Владимир Яхонтов
Шрифт:
Торжественность, то «канцелярская», то «государственная», всегда одическая по звучанию, но разнообразная по наполнению, тоже входила в «интонационный набор» «Петербурга».
В финале первого акта Яхонтов выходил на авансцену крайне осторожно — все три его героя оказывались перед неизвестностью. И так же осторожно, как бы припоминая голоса, звучавшие только что в полную силу, повторял три реплики, выделяя в них одно, общее слово:
— Неужели же могут жить под таким небом разные сер-ди-тые… люди?
— В департаменте… но лучше не называть, в каком департаменте. Ничего нет сер-ди-тее всякого рода департаментов… — поворачивался
— И чтобы дождь в окно стучал не так сер-ди-то…
Этим аккордом, сливавшим многие звуки в один музыкальный лад, он заканчивал, как пианист последним ударом по клавишам.
Спектакль не был ни громким, ни, естественно, массовым. Его играл один актер на минимальной по размерам площадке и кроме человеческого голоса в нем не звучало никаких других звуков. Но захваченное им пространство было огромно, а предгрозовое настроение пронизывало его насквозь. Оно как бы приподымало и обнаруживало все скрытое, интимное — так на волнах вышедшей из берегов Невы поднимались предметы домашнего быта, дотоле не видимые стороннему глазу.
То, что в «Медном всаднике» с городом проделывает Нева в ночь наводнения, в спектакле было проделано решительно со всеми «местами действия», благо все они находились в том же городе. Дома, каморки, черные лестницы, мансарды, канцелярии, департаменты — всюду, где были двери, их будто выломали. Словно мощный сквозняк выдувал людей из комнат, устоявшиеся запахи из домов и лестниц. У Гоголя про лестницу в доме портного сказано, что она «была вся умащена водой, помоями и проникнута насквозь тем спиртуозным запахом, который ест глаза и, как известно, присутствует неотлучно на всех черных лестницах петербургских домов». Эта фраза из «Шинели» была, кажется, сокращена, хотя можно представить, как обыграл бы Яхонтов необычное слово: «спиртуозный». Но — не было затхлых запахов, не было дверей, перегородок, отдельности.
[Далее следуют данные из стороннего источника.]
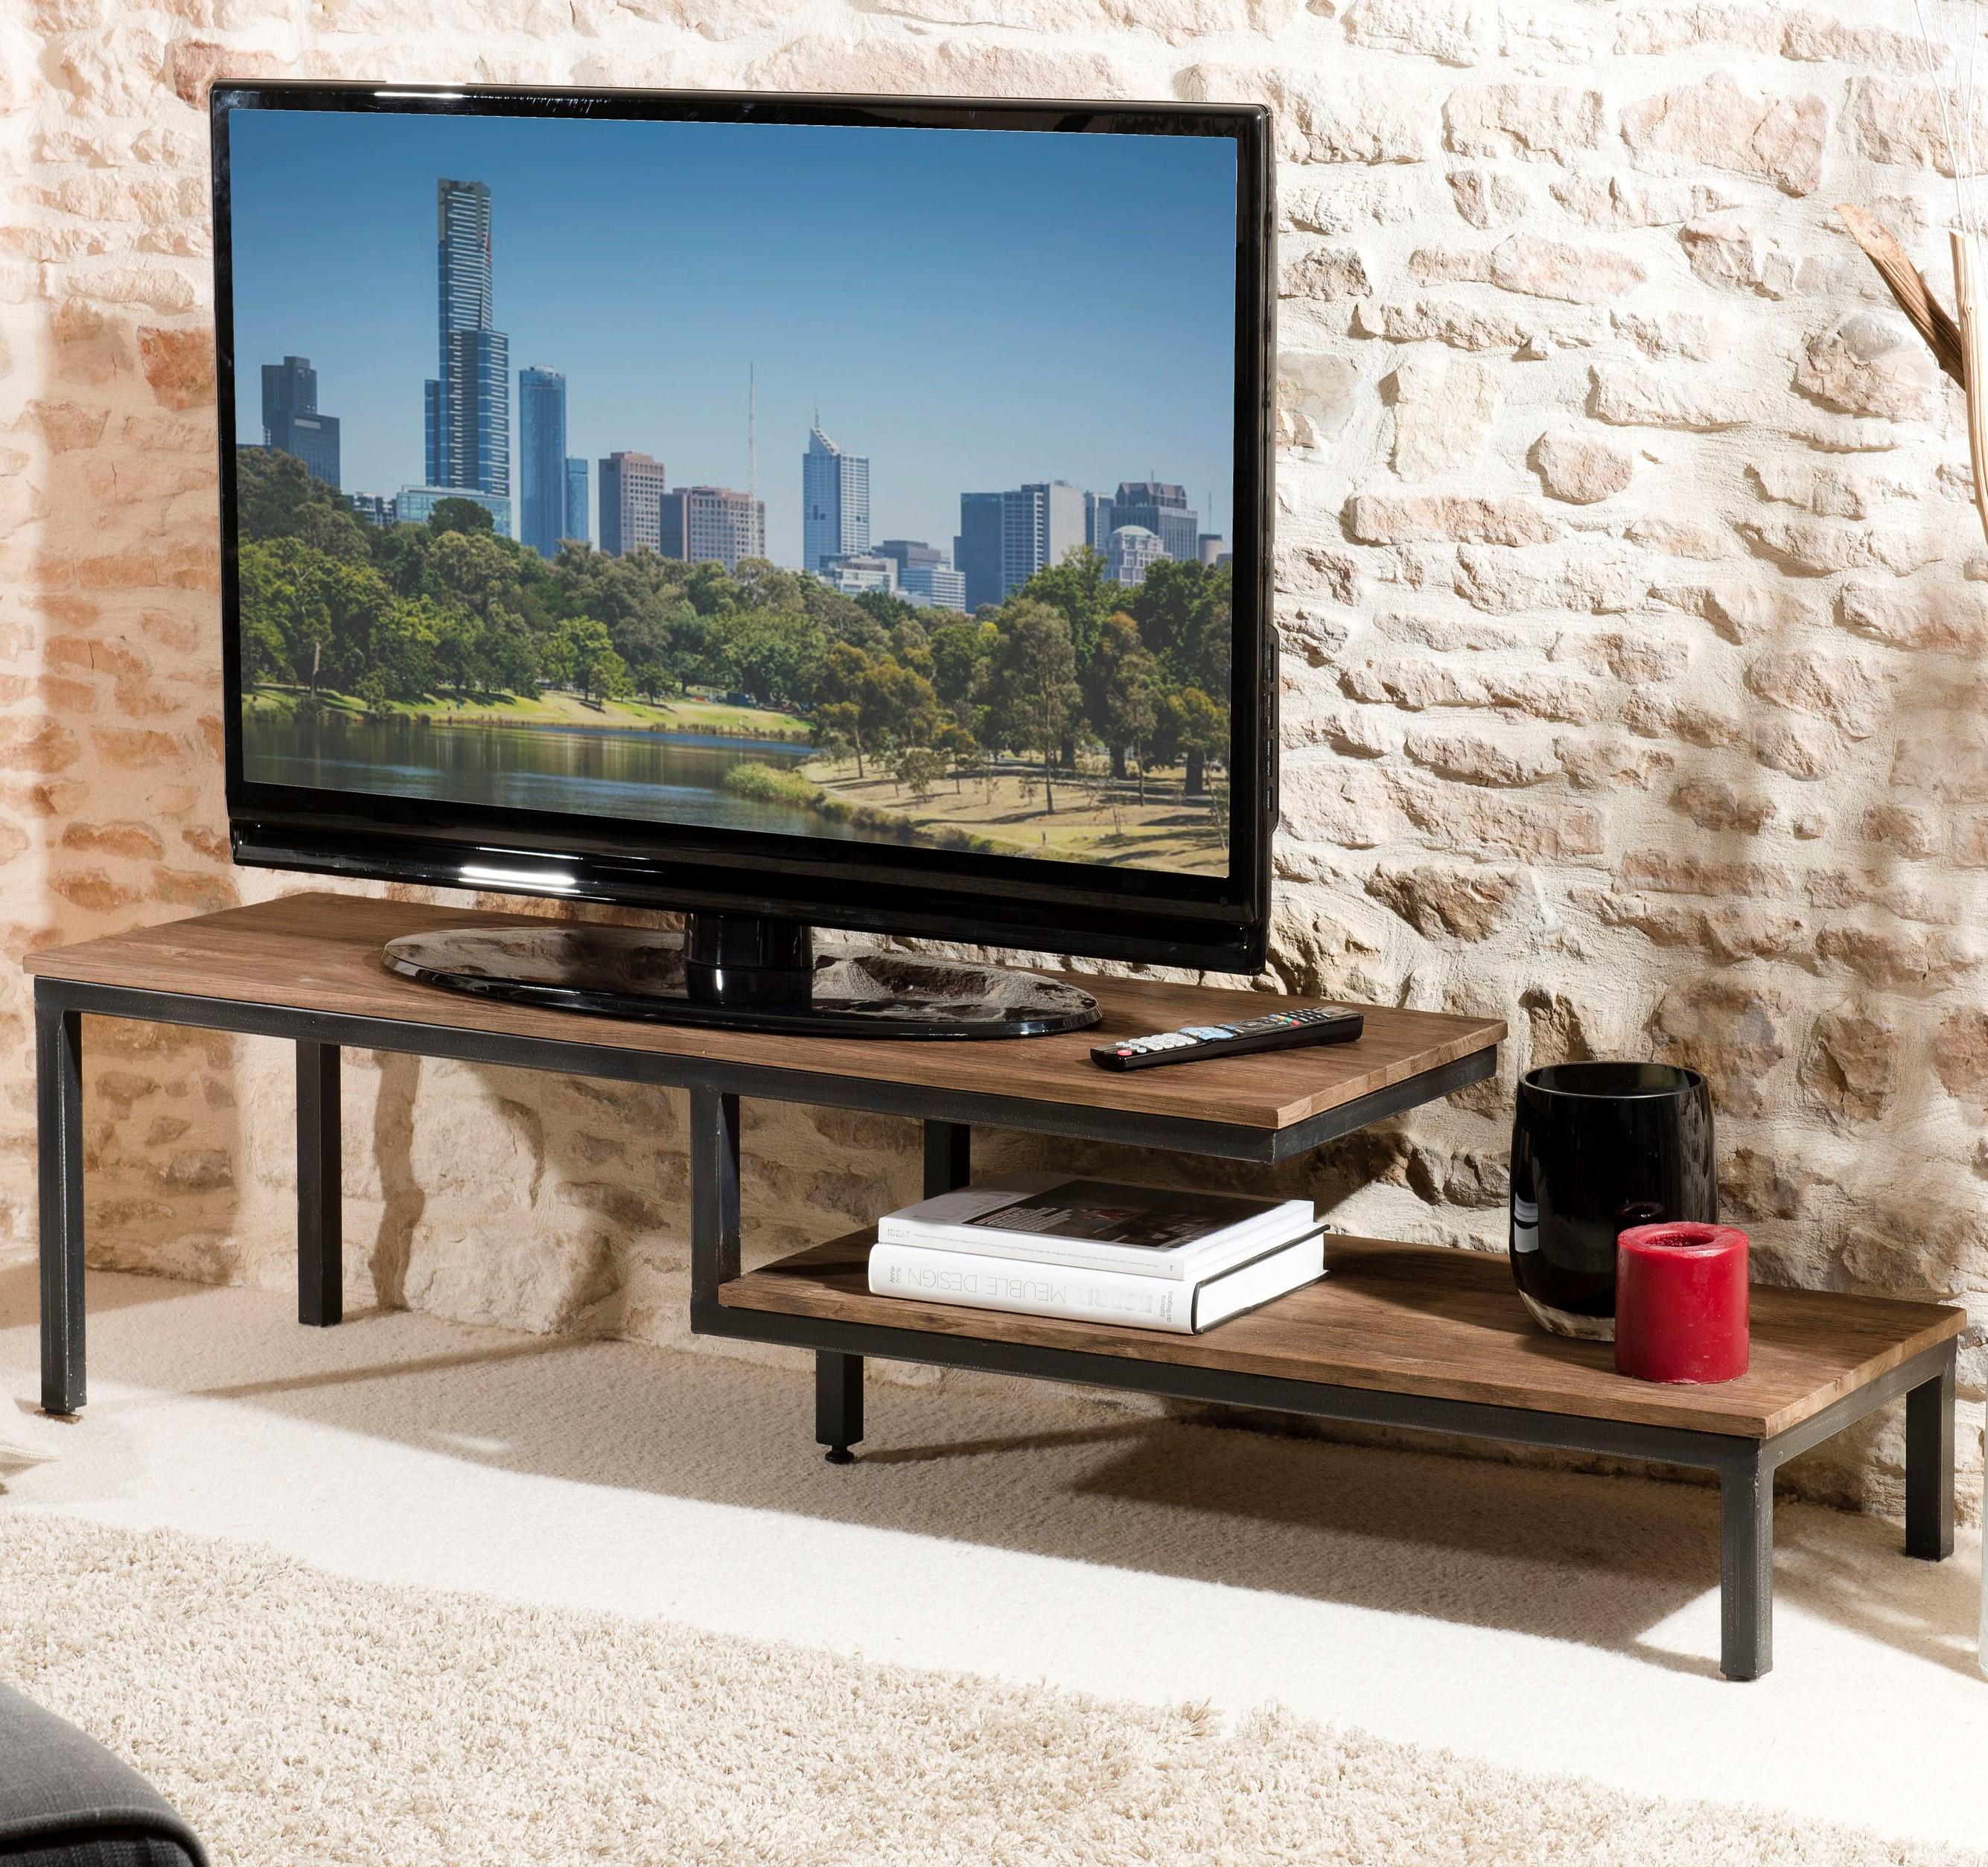 meuble tv destructure 2 niveaux en teck recycle et metal noir 161x40x40cm swing

Создатели спектакля проявили не только художественную, но, можно сказать, общественную прозорливость, решившись соединить «Шинель», «Медный всадник» и «Белые ночи». Герои были смешаны в некую толпу и, хотя, как бывает в толпе, каждый жил своим стремлением и своей заботой, но при том вся толпа словно мчалась куда-то, в испуге перед мощной стихией. Сначала стихия «вздувалась и ревела» за окнами, потом, «как зверь остервенясь», кинулась на город. И все смешалось и побежало. «Народ зрит Божий гнев и казни ждет. Увы! все гибнет: кров и пища. Где будет взять? В тот грозный год…»
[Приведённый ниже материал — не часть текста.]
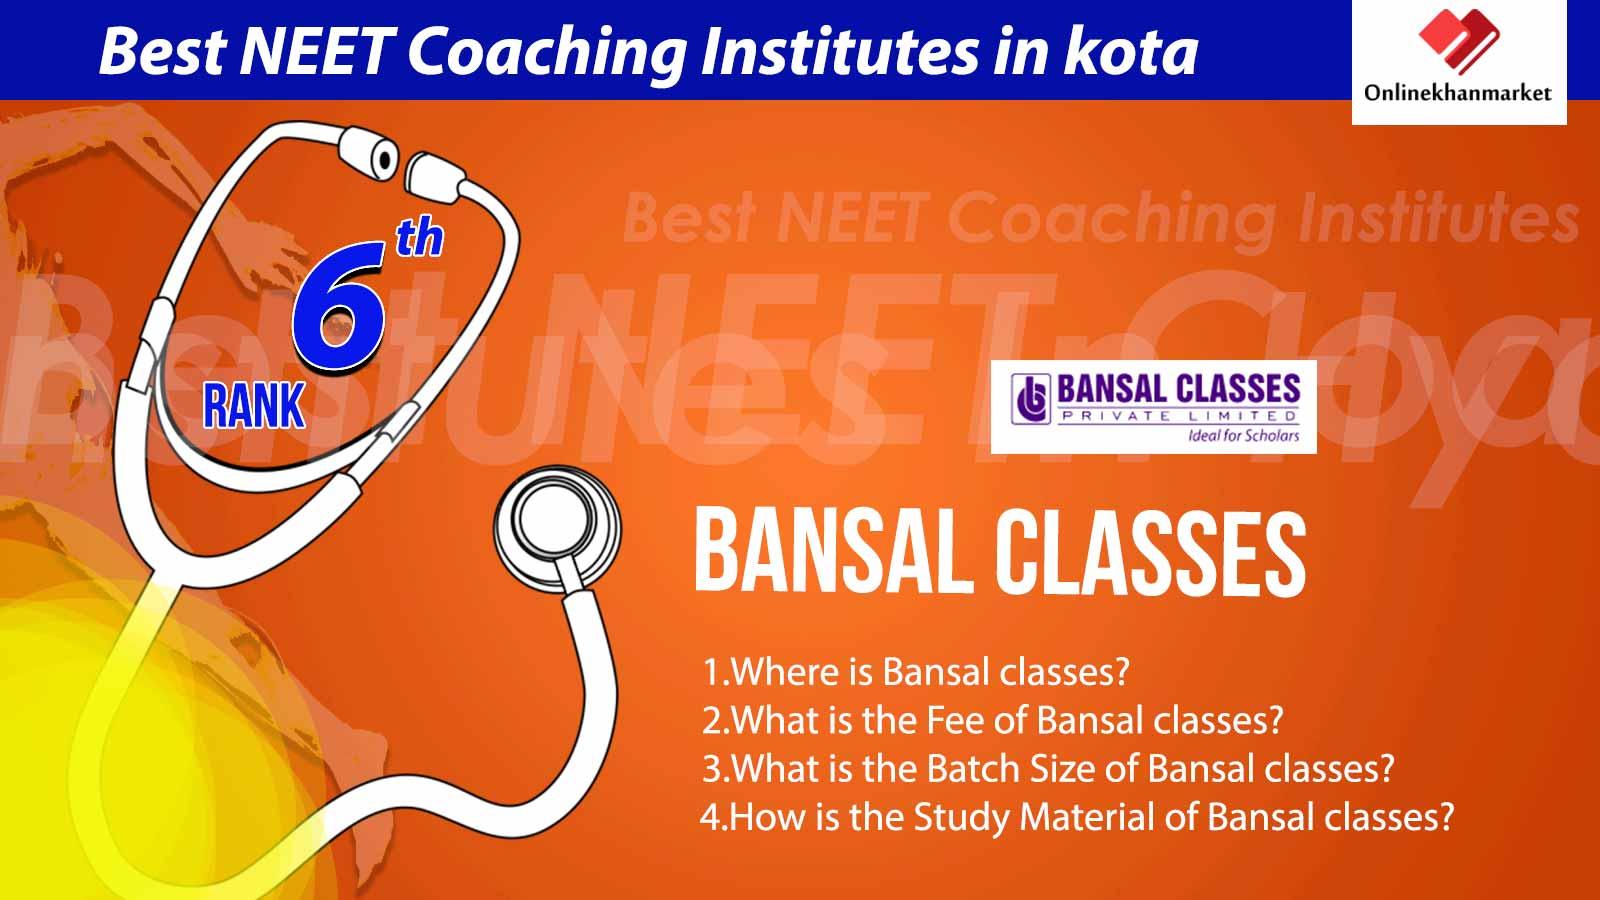 Top Neet Coaching in Kota

Всех потряс «поток информации», обрушенный на зрителей одним актером. То, что в сознании современников существовало раздельно и как бы в разных сферах, в спектакле воссоединилось и отозвалось самым неожиданным образом.
Атмосфера уходящего в прошлое Петербурга-Петрограда; тема «маленького человека», известная по дореволюционным учебникам, но по-новому осмысленная; сплетение трагедии и комедии — в литературе и в жизни; зримая резкая графика быта и его тревожная музыка; атмосфера времени, где все вздыбилось и еще не улеглось; человеческие заботы и мечты о тепле, о доме — под грохот силы, сносящей дома, распахивающей двери…
Сложнейшая цепь ассоциаций, мыслей, образов, шумов, ритмов отразилась в этом «Петербурге», эмоционально соединив ушедшее с настоящим, классику с современностью. И все это — благодаря своеобразной драматургии, ранее на театре не виданной.
По справедливому замечанию И. Андроникова, то, что делал Яхонтов, «представляло собой сплав художественного чтения с театральным действием».
«Петербург» явился наиболее выразительным и цельным примером такого рода драматургии: цепь монтажных «стыков», варьирующих, вернее, с разных сторон исследующих тему.
Андроников справедливо замечает, что предпосылками яхонтовских композиций были, в частности, спектакли Мейерхольда и что вообще «столкновение разнокачественных и стилистически неоднородных кусков в искусстве 20-х годов было явлением распространенным. Родственный композициям Яхонтова принцип монтажа еще раньше осуществлял в кино режиссер Дзига Вертов. А Сергей Эйзенштейн даже искал теоретические обоснования этого вида искусства».
В сфере монтажа искали Эйзенштейн, Дзига Вертов, Эсфирь Шуб, Мейерхольд, Маяковский, Родченко, Тынянов, Эйхенбаум, Шкловский — многие практики и теоретики кино, литературы и театра. Их поиски и открытия, впоследствии несколько подзабытые, теперь вызвали к себе новую волну интереса. Этот интерес к проблеме и ее истокам естествен. Истоки «монтажного» искусства там, где реальность предстает перед художником в ее резких противоречиях и контрастах, где творец ощущает себя как бы в эпицентре жизненных катаклизмов. Тогда его влечет к определенным формам искусства и выразительным средствам, способным передать эту контрастность.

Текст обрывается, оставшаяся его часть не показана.